Some of these new rules are needed, of course. Too many children drive these days and hence regulations are required on that. There's much drunken driving and the fines are needed. It's a different matter that if you are a VIP like Sriram Venkitaraman you can get away with not only drunken driving but also murderous driving. That's India. The rules are for the common folks. The taxes too. 

I don't think that the hefty new fines are going to make India's roads any safer. What India needs is a culture that respects existing rules. What India needs is a culture that respects people. 

PS. Written for Indispire Edition 292 #trafficrules

I am taking my blog to the next level with Blogchatter’s #MyFriendAlexa


https://www.amazon.in/Gods-Love-Song-Tomichan-Matheikal-ebook/dp/B07WDYCK1T/ref=sr_1_2?crid=1O83XJY7TRMJB
Click the link to download my book 'God's Love Song' - absolutely free just for a day.

Comments

  1. I agree, we need a culture that respects rules and people.
    Hopefully long and harsh arm of the law will instill that culture, slowly but surely, among all of us.

    ReplyDelete
    Replies
    1. I was punished left and right for anything and everything when i was young. I became a rebel. Punishment doesn't create a culture. Especially when the ruler is a known criminal.
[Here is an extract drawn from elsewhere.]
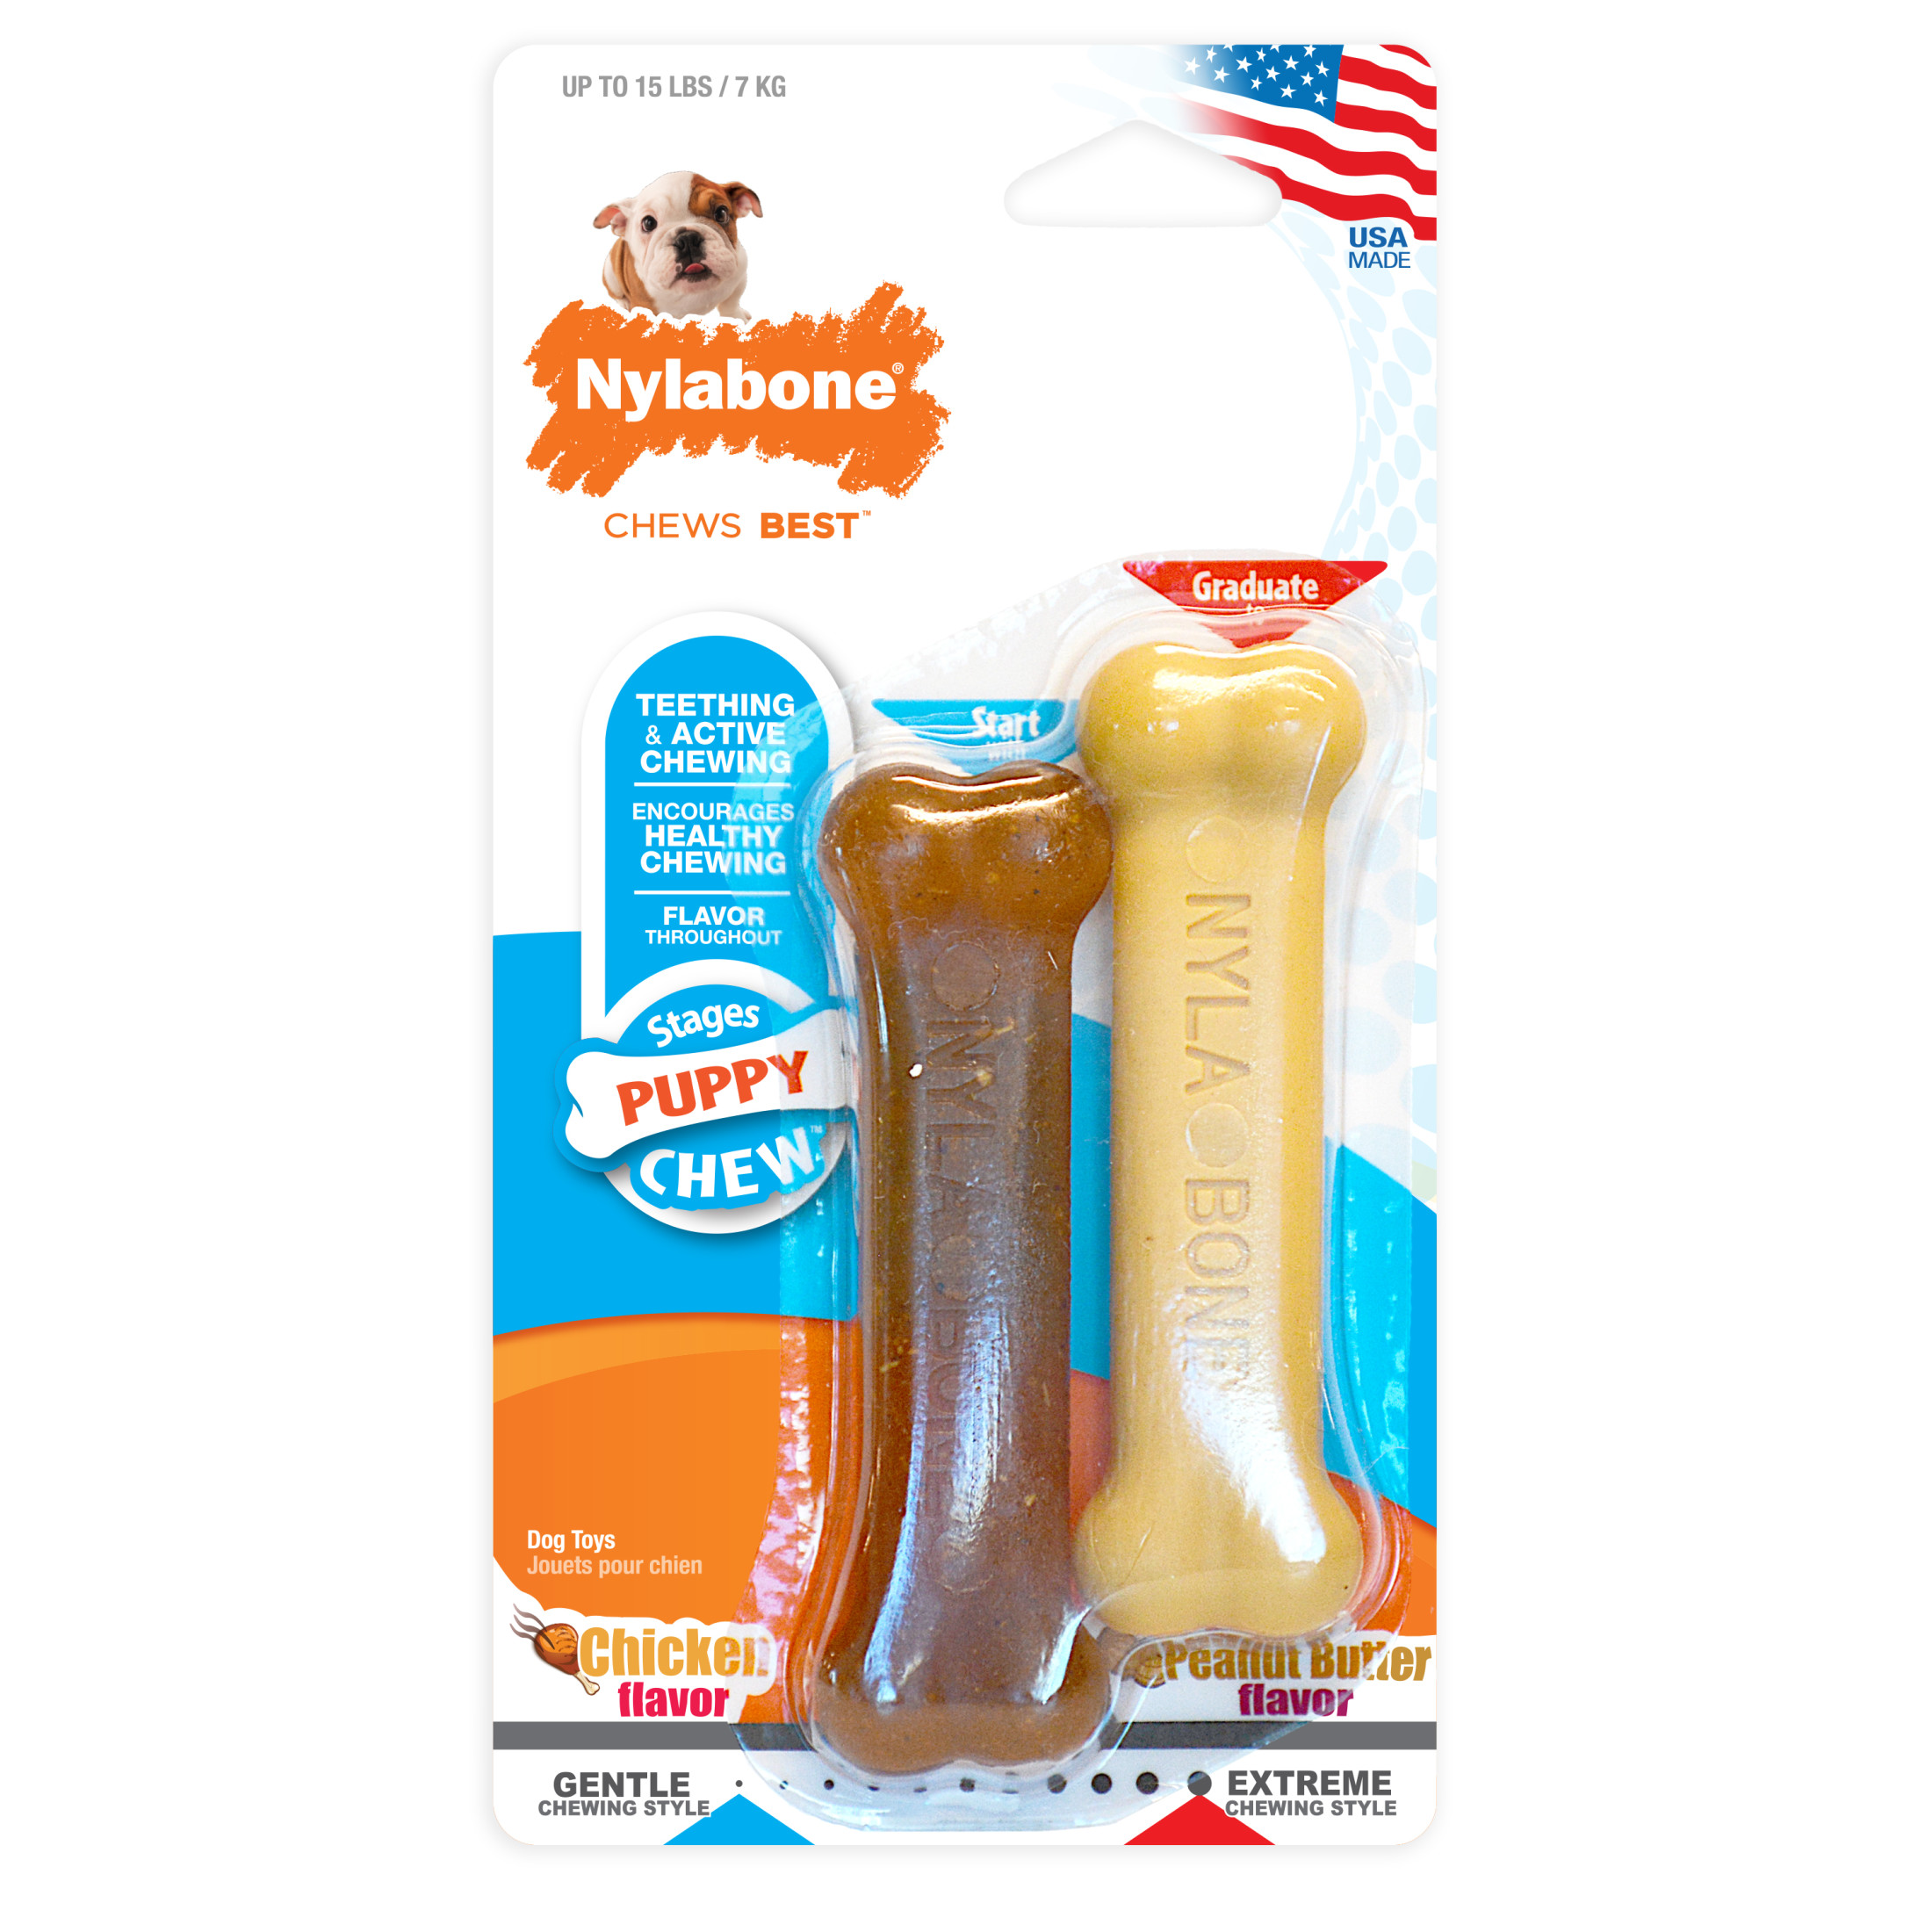 Nylabone Classic Puppy Chew Flavored Durable Dog Chew Toy Chicken & Peanut Butter Bone X-Small/Petite - Up to 15 lbs. (2 Count) - image 1 of 11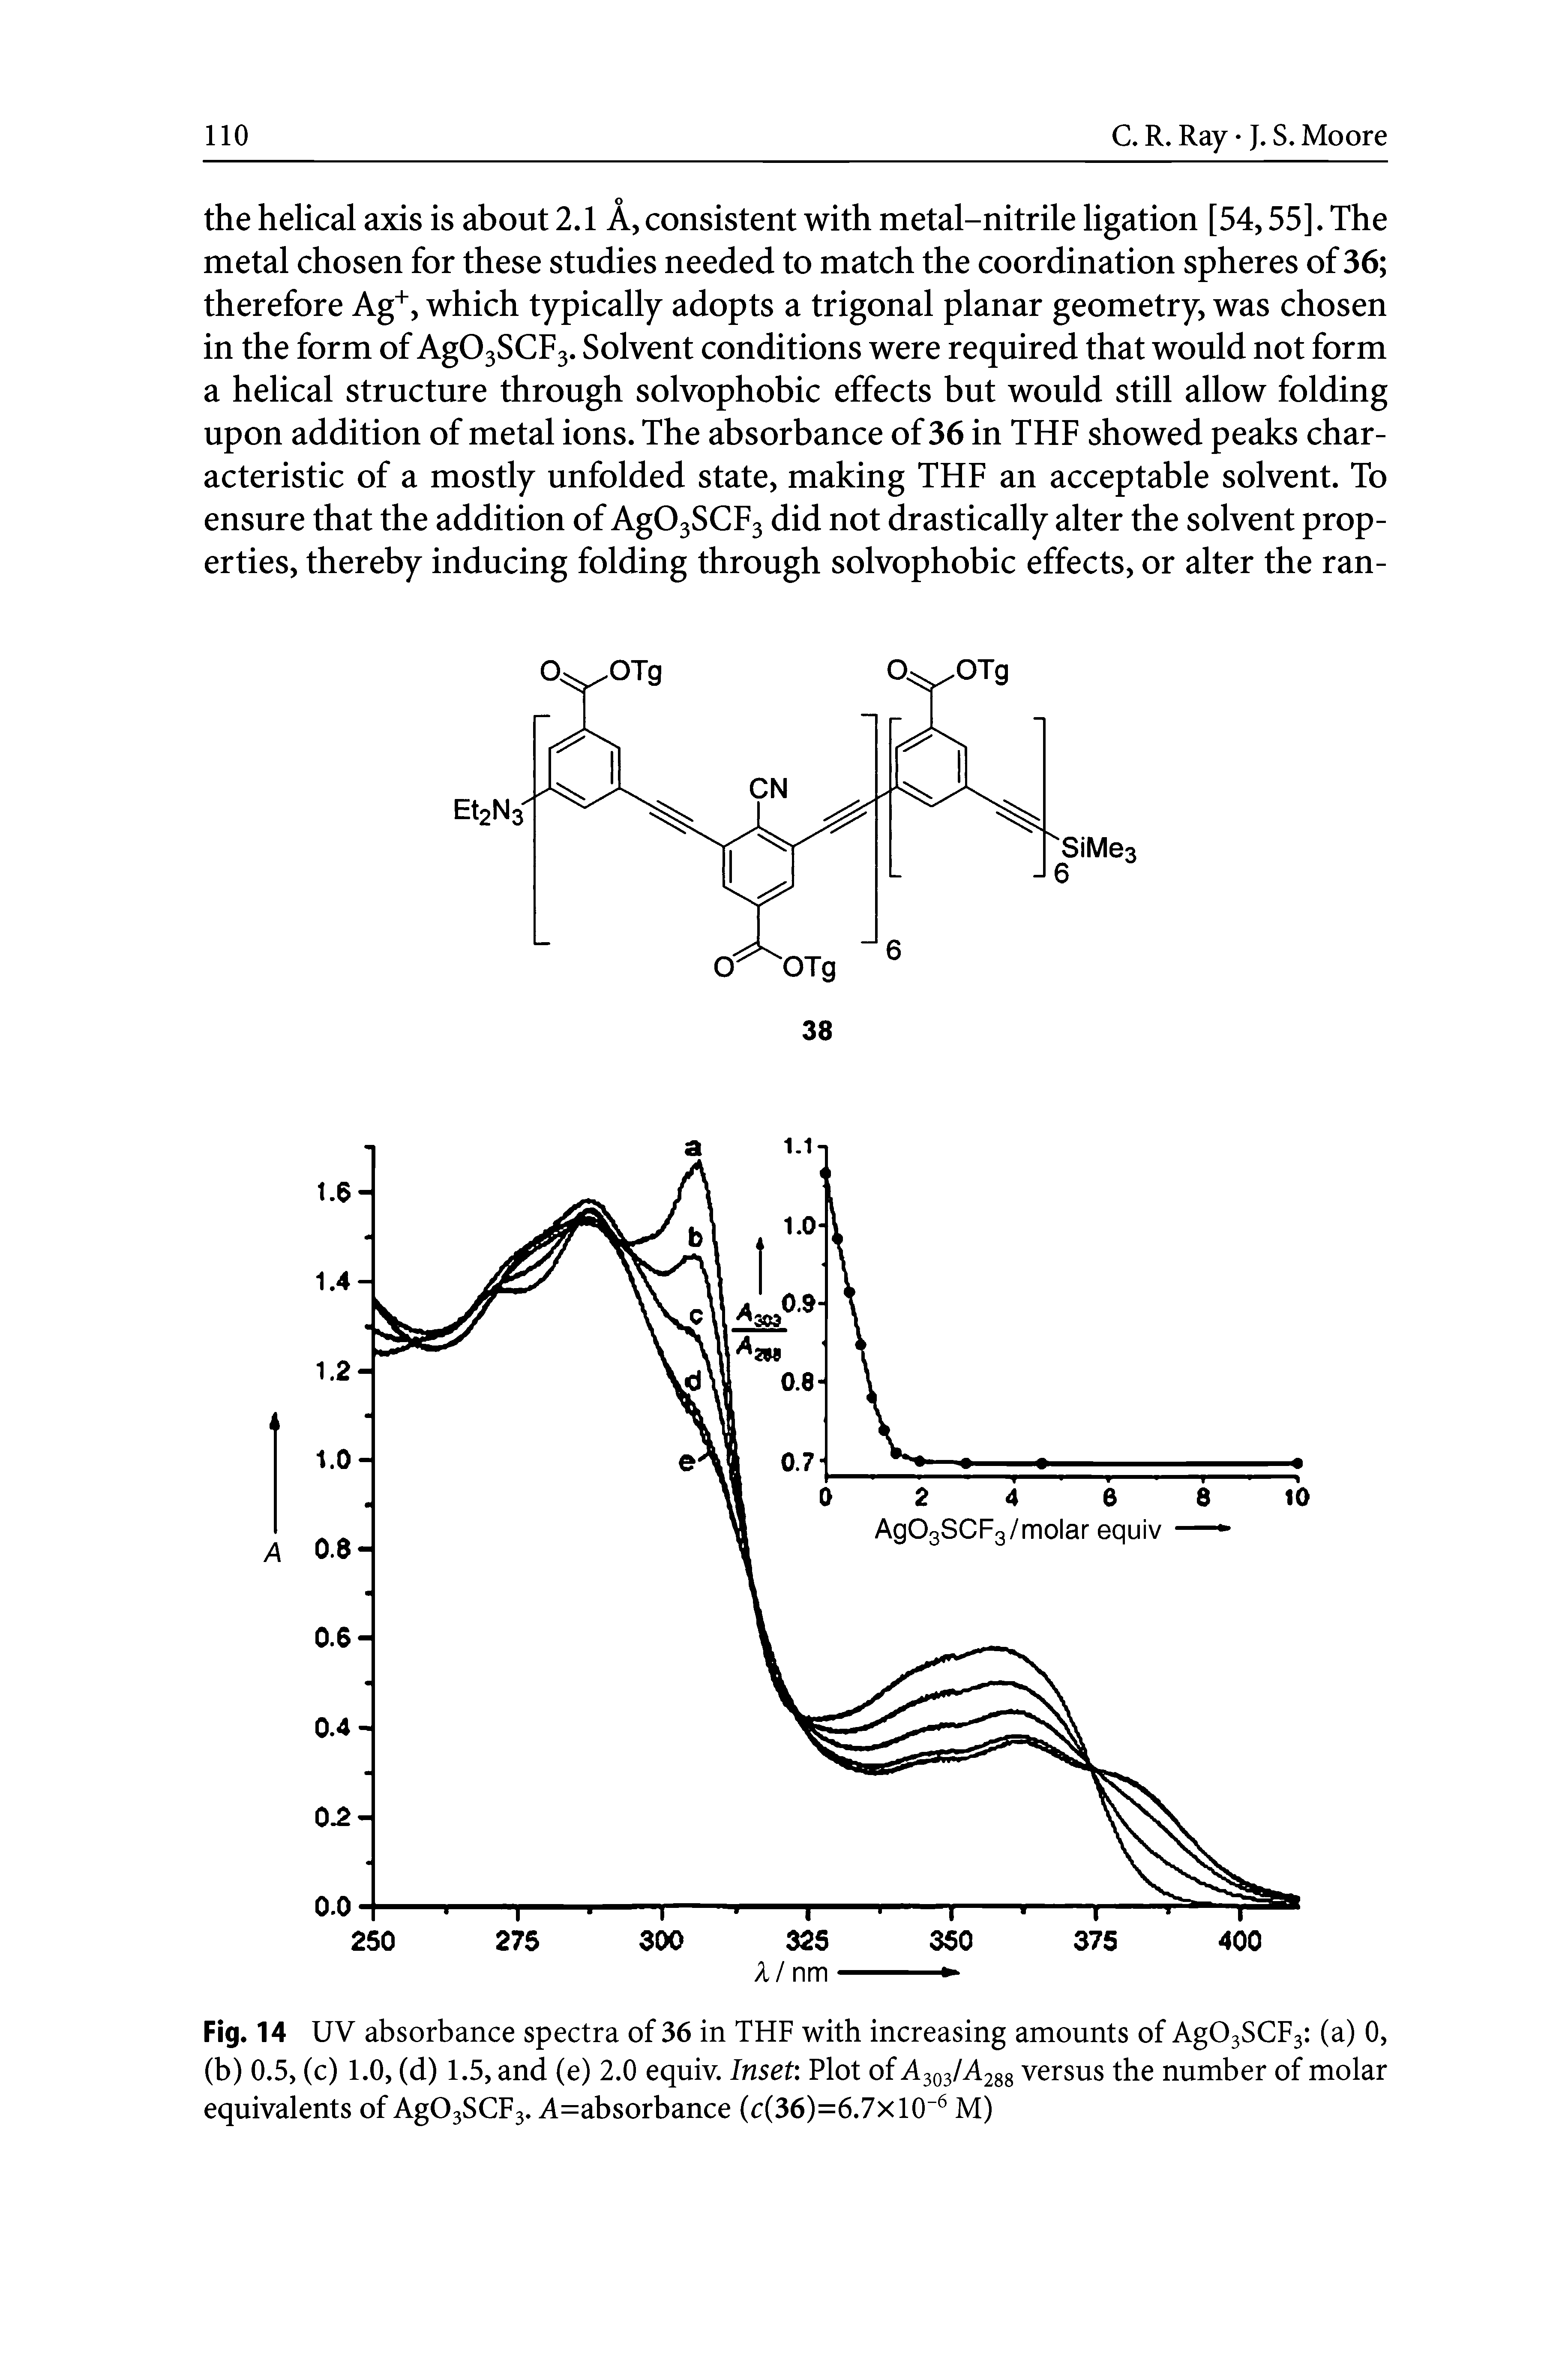 Fig. 14 UV absorbance spectra of 36 in THF with increasing amounts of Ag03SCp3 (a) 0, (b) 0.5, (c) 1.0, (d) 1.5, and (e) 2.0 equiv. Inset Plot of A303M288 versus the number of molar equivalents of Ag03SCp3. A=absorbance (c(36)=6.7xl0 M)...

      We need a good leader.

      Delete
  2. The more the amount of tax, the happier the traffic police would be!

    Very disgusting to learn about the tax on lower caste women! Thanks for throwing light on that too, sir.

    ReplyDelete
    Replies
    1. The government is discovering new ways for filling the coffers. Imagine someone being fined an amount that's higher than the price of his bike!

      Delete
  3. Unbridled sarcasm... I guess, you may have reasons for this tone. Most of us will have a similar opinion. However, everything today is caught between rights and duties... though as a responsible citizen, I believe the hefty penalties will also, in the long term, ensure excellence in services.

    ReplyDelete
  4. well i am not fully agreed with you . It's we Indian who doesn't care about rules and regulation that is why we had the most accidental cases in a year through out the world .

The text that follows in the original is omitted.